Rosemary should have taken a break after that visit, gotten a cup of coffee or escaped into the chapel for a while. Instead, she washed her hands at the sink in Lisa's room, trying to scrub the feel of those frantic fingers from her skin, and moved on to the next patient, and then the next, and the next. Those were brief, pleasant visits: a few prayers for healing, a few casual conversations about pets and gardening. None were what she needed. She kept looking for someone who knew she was there. And then the charge nurse waved her over and told her about the aneurysm.

She needs to eat; she's already slightly shaky, and dealing with the family will require energy and concentration. She has to be present to them. She can't do this one on autopilot. During a quieter shift, she could ask the charge nurse to page her in the cafeteria when the family showed up, but right now, things are too hectic. It's not a good time for a volunteer to try to ask anybody for anything.

Rosemary stands paralyzed in the corridor. She knows this is a ridiculous stalemate. She wouldn't have any trouble deciding what to do if she weren't so tired, and being so tired is a major red flag that she needs to take a break and refuel.
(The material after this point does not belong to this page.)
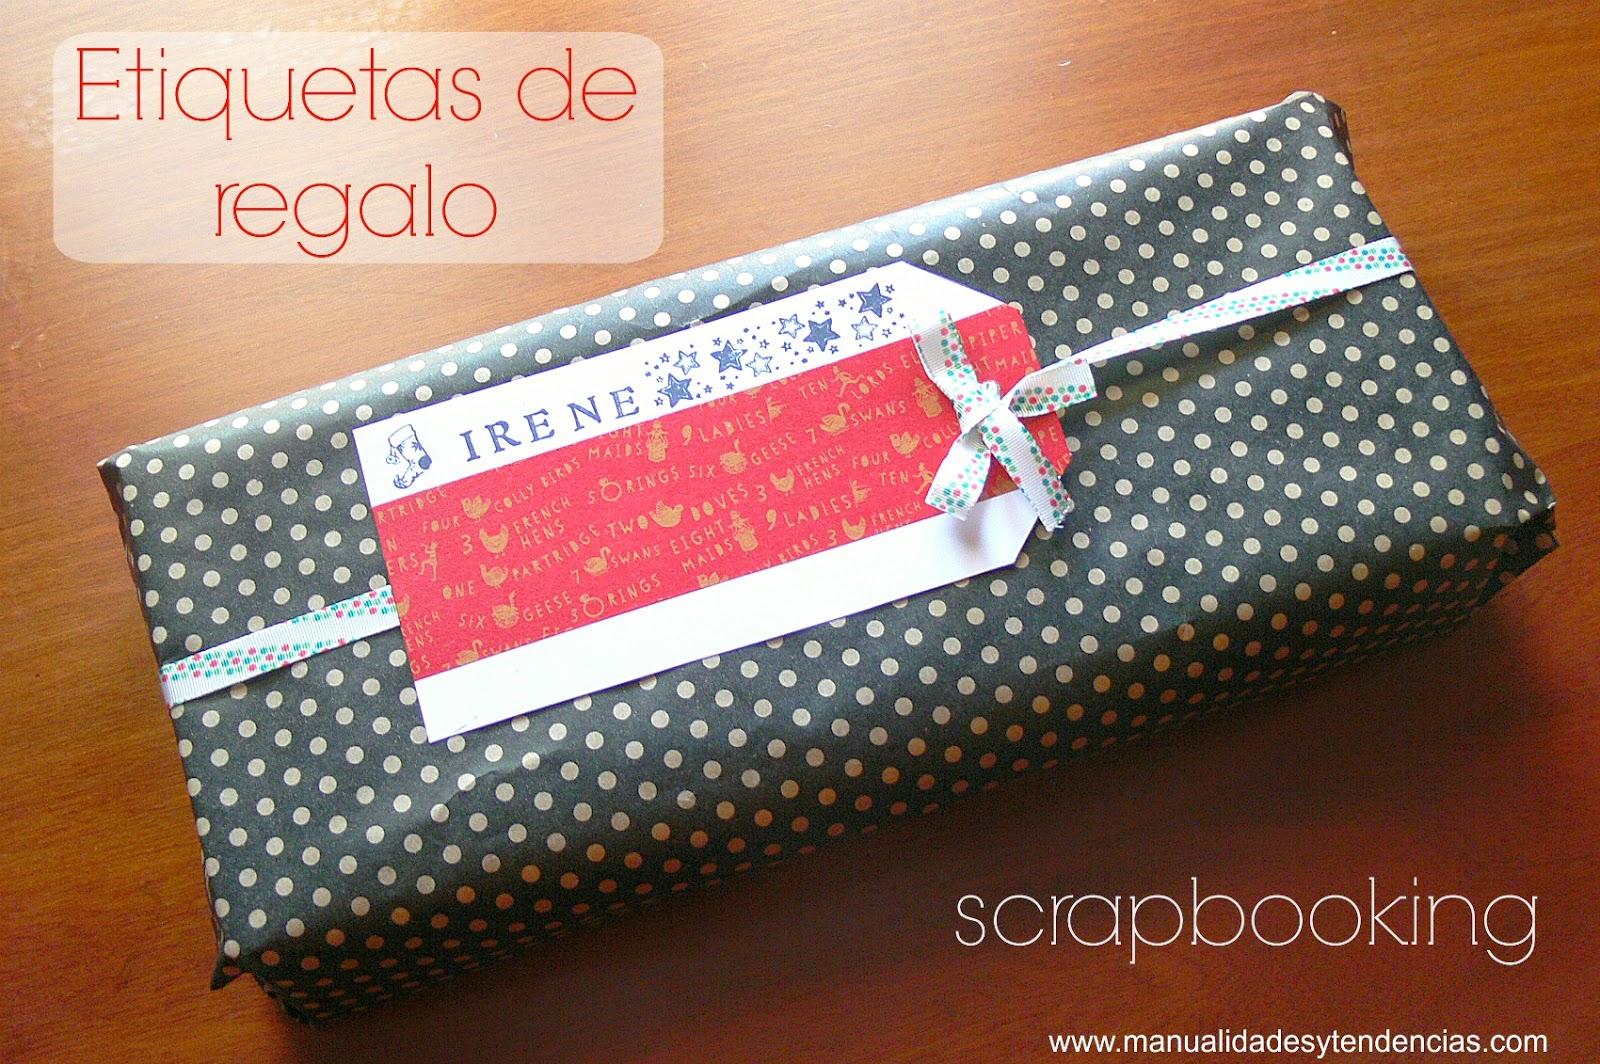 Etiquetas de regalo hechas a mano scrapbooking

But if she takes a break, she'll think about Lisa again. No: she has to keep busy. So she stops for a long slurp at a water fountain and goes back into the ER, bracing herself against the barrage of noise and activity. She hears the static of the department's PA system clicking on, and then, improbably, her own name being announced from the nursing station.

“Rosemary, call on 57. Chaplain Rosemary, pick up line 57.”

She squints, thinking she's misheard—who could be calling her here, and why?—and then feels a sudden surge of panic. Walter. Something's happened to Walter.

This makes no sense, since no one at Walter's nursing home would call the ER to find her. They'd call her cell, which she keeps on silent at the hospital and checks regularly. But she's reaching for the nearest hall phone even as she works this out. “Hello, this is Rosemary. May I help you?”

*   *   *

Seven hundred and fifty miles away, Anna Clark settles down in front of the evening news with a glass of white wine and her knitting. It's raining, typical Seattle weather, but she doesn't mind. She likes being surrounded by water; it's one reason she and William bought the house on Mercer Island. Living on the island makes her feel calm, self-contained, protected by moats.

She is, of necessity, a highly social person. She organizes openings at her husband's art gallery: ordering food and flowers, schmoozing with artists and patrons. She's on the board of the private school where their son attended K–12, and she's in a knitting group run by one of the other Blake School board members. But she also finds too much social contact exhausting and treasures her time alone.